Auch im Bereich der Unternehmenskultur sind viele neue Instrumente entstanden. Das klassische Mitarbeitendengespräch gibt es logischerweise nicht mehr, wir geben uns im Mitarbeitendendialog Feedback im Team. Dafür schafften wir die entsprechenden Instrumente.

Gab es wegen der Agilität Situationen, die schwierig waren?

Ja, die gab es immer wieder. Solch ein Prozess verläuft nicht reibungslos, das wäre illusorisches Denken. Momentan ist es für die Mitarbeitenden noch am schwierigsten, den Mut aufzubringen, um selbst zu entscheiden. Dass sie ihr Handeln nicht von anderen Instanzen abhängig machen.

Würdest du sagen, dass wir die agile Arbeitsweise bereits beherrschen? Wo können wir uns noch verbessern?

Wir befinden uns momentan in der Situation, dass die Agilität schon weit fortgeschritten ist und sich die Ereignisse etwas überstürzen. Wir sind bereit, aber eben noch nicht ganz. Ich vergleiche uns mit einem Kind, das das Fahrradfahren lernt. Wir wissen wie es geht und machen es im Grossen und Ganzen schon sehr gut, aber wir sind noch etwas wackelig unterwegs. Motiviert stürzen wir uns in die Arbeit, wollen «schnell fahren», und lassen die Koordination noch etwas stark ausser Acht. Wir sind also noch etwas wild unterwegs und müssen unsere Ausrichtung und Fokussierung im agilen Format stärken.

Der Change Prozess ist inzwischen fortgeschritten. Wie sieht dein Arbeitsalltag bei IdéeSport inzwischen aus?

Ich bin momentan stark als Coach der einzelnen Teams eingebunden, vermittle ihnen Wissen und Sicherheit im agilen Arbeiten und begleite sie. Momentan geht es darum, die letzten Projekte im Transformationsprozess abzuschliessen und von der Projekt- in die Betriebsphase überzugehen, um zu einer lernenden Organisation zu werden.

Denkst du, jede Organisation kann agil strukturiert sein? Oder was sind die entscheidenden Erfolgsfaktoren für diese Arbeitsweise?

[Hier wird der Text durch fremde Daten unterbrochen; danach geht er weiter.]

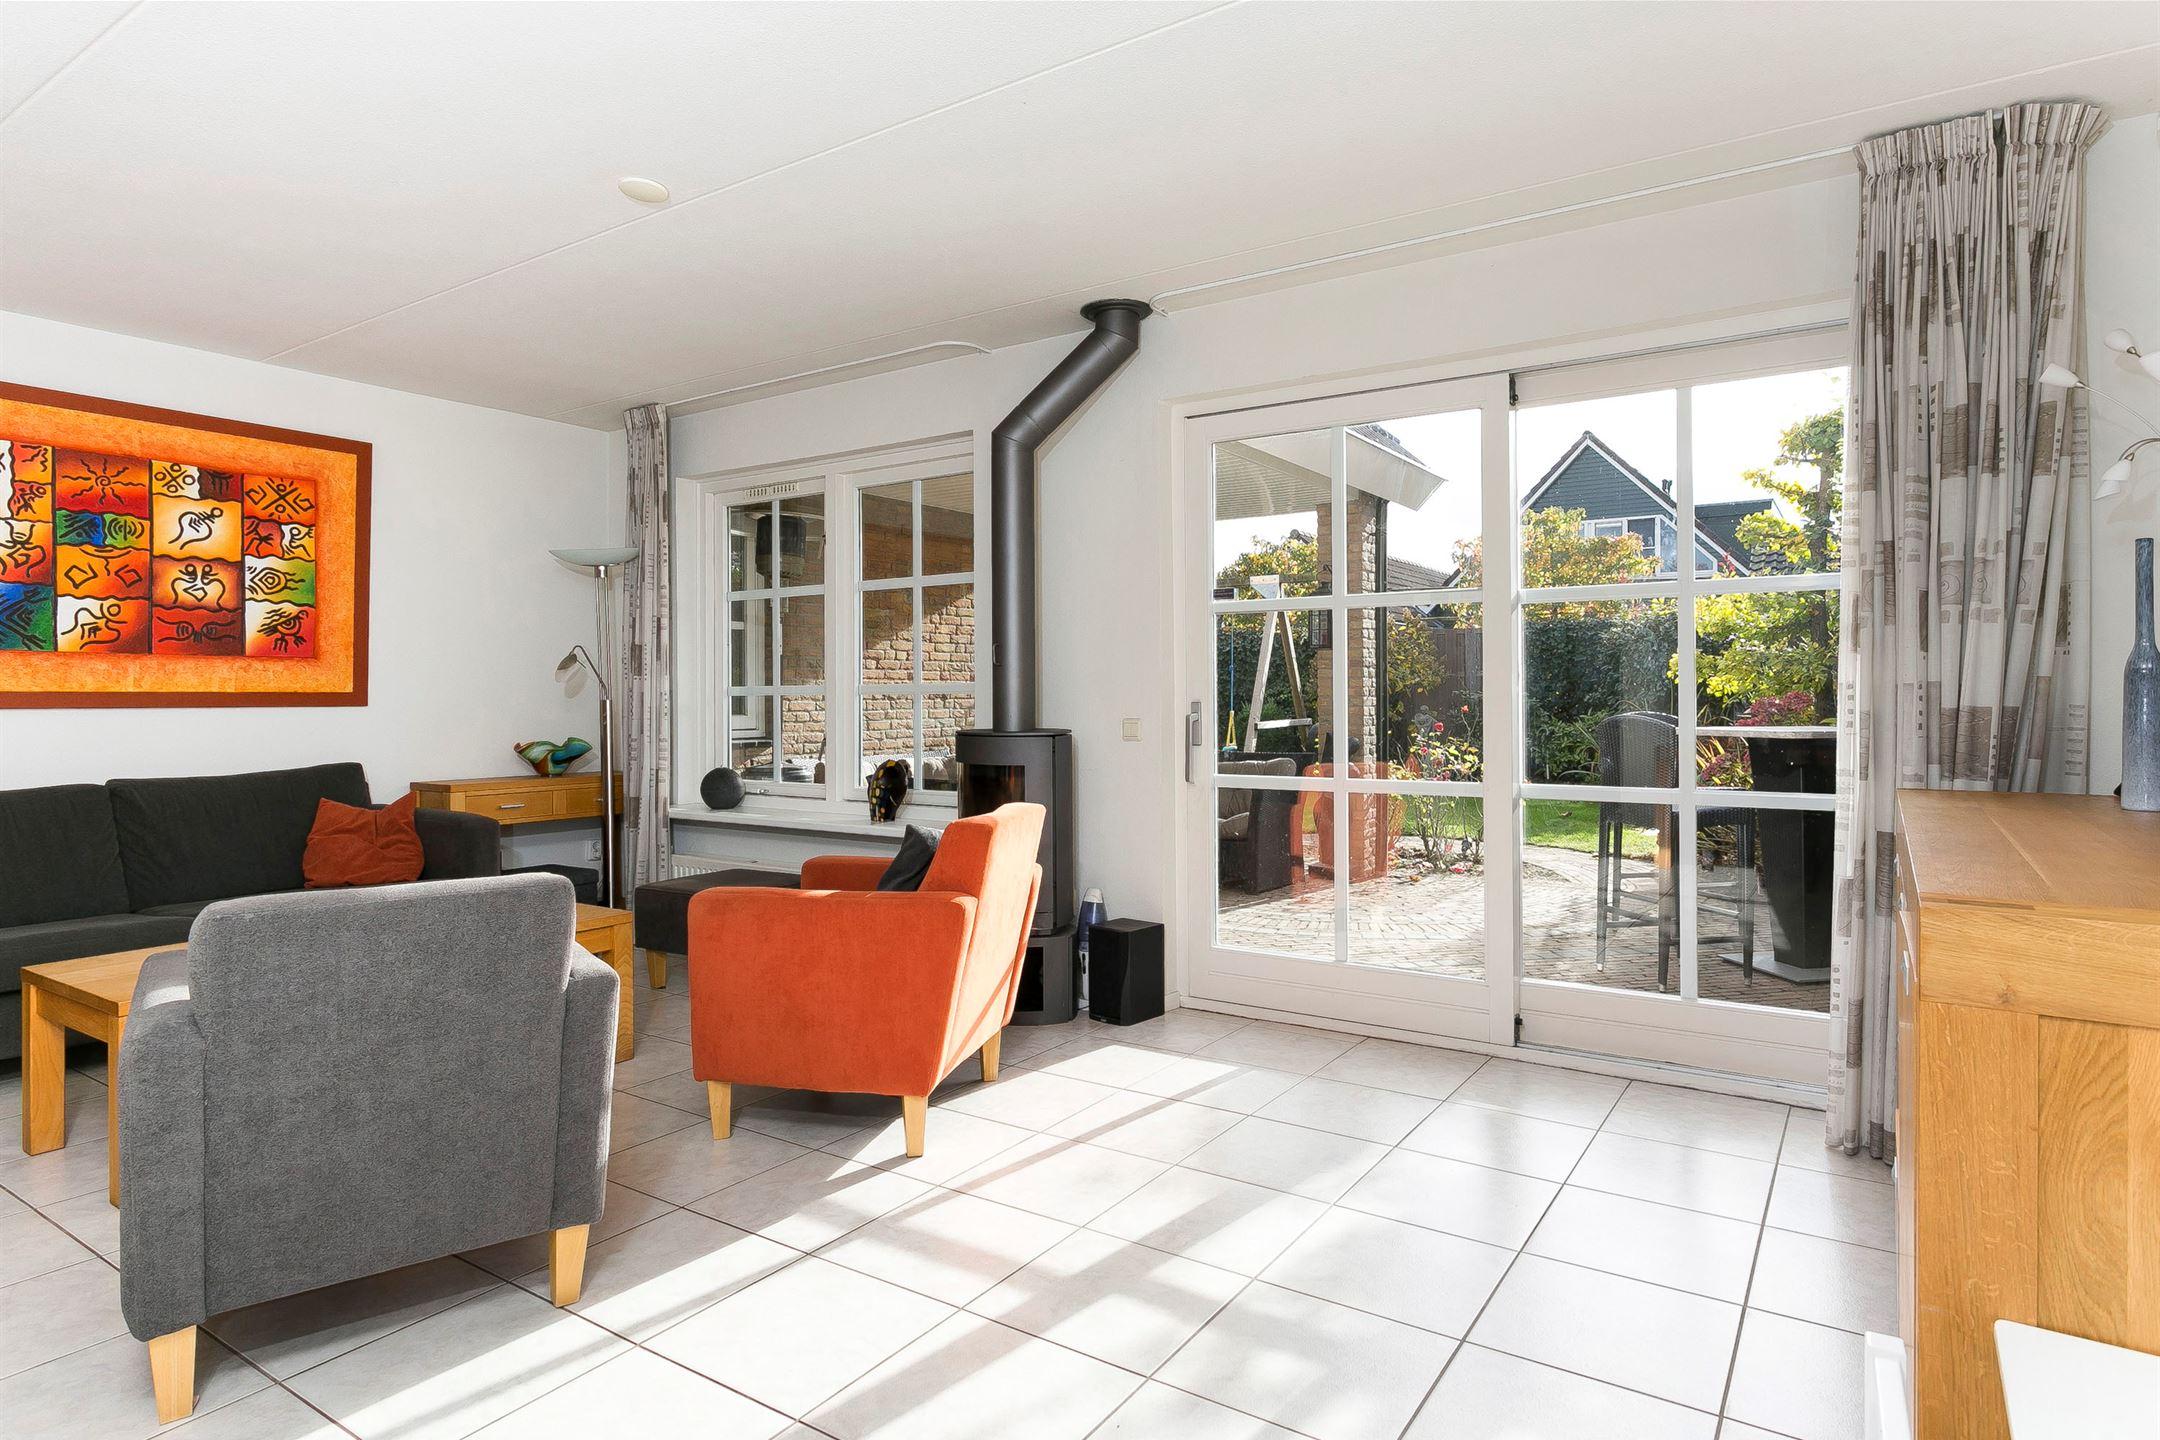 Huis te koop: Aletta Jacobshoeve 11 7207 GC Zutphen [funda]

Ich glaube daran, dass es rein strukturell betrachtet, überall möglich ist, agil zu arbeiten. Ob die Agilität gelingt, hängt stark von der Motivation und der Einstellung der Menschen ab. Sie sind der entscheidende Faktor dafür, ob die Transformation gelingt.

Und dann gibt es natürlich Branchen, die einfacher agil werden können, da weniger fixe Rahmenbedingungen vorhanden sind. Beispielsweise sind in der Industrie gewisse Produktionsprozesse maschinell vorgegeben. Aber auch hier kann im Kleinen agil gearbeitet werden, z.B. mit selbstorganisierten Teams.

Sandro Antonello ist bei IdéeSport für die Organisationsentwicklung zuständig.